Content starts

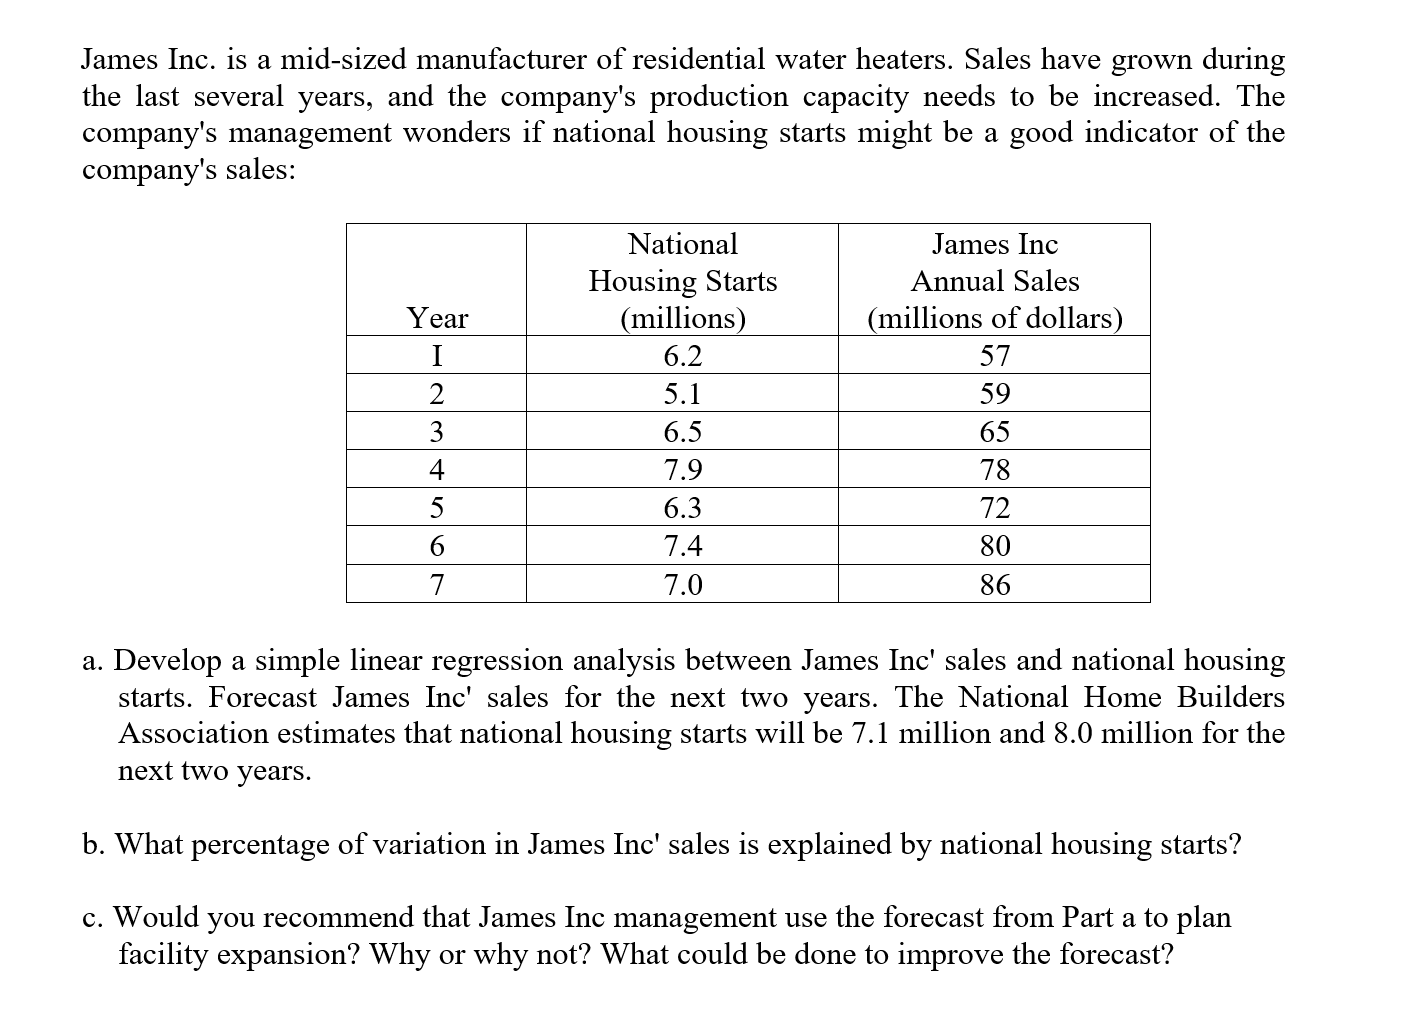 James Inc. is a mid-sized manufacturer of residential water heaters. Sales have grown during
the last several years, and the company's production capacity needs to be increased. The
company's management wonders if national housing starts might be a good indicator of the
company's sales:
National
James Inc
Housing Starts
(millions)
Annual Sales
Year
(millions of dollars)
I
6.2
57
2
5.1
59
3
6.5
65
4
7.9
78
5
6.3
72
6
7.4
80
7
7.0
86
a. Develop a simple linear regression analysis between James Inc' sales and national housing
starts. Forecast James Inc' sales for the next two years. The National Home Builders
Association estimates that national housing starts will be 7.1 million and 8.0 million for the
next two years.
b. What percentage of variation in James Inc' sales is explained by national housing starts?
c. Would you recommend that James Inc management use the forecast from Part a to plan
facility expansion? Why or why not? What could be done to improve the forecast?

Content ends

* Problem to solve
When you repeat the material, keep every word exact and drop the pictures.

* Exercise output
 James Inc. is a mid-sized manufacturer of residential water heaters. Sales have grown during
the last several years, and the company's production capacity needs to be increased. The
company's management wonders if national housing starts might be a good indicator of the
company's sales:
National
James Inc
Housing Starts
(millions)
Annual Sales
Year
(millions of dollars)
I
6.2
57
2
5.1
59
3
6.5
65
4
7.9
78
5
6.3
72
6
7.4
80
7
7.0
86
a. Develop a simple linear regression analysis between James Inc' sales and national housing
starts. Forecast James Inc' sales for the next two years. The National Home Builders
Association estimates that national housing starts will be 7.1 million and 8.0 million for the
next two years.
b. What percentage of variation in James Inc' sales is explained by national housing starts?
c. Would you recommend that James Inc management use the forecast from Part a to plan
facility expansion? Why or why not? What could be done to improve the forecast?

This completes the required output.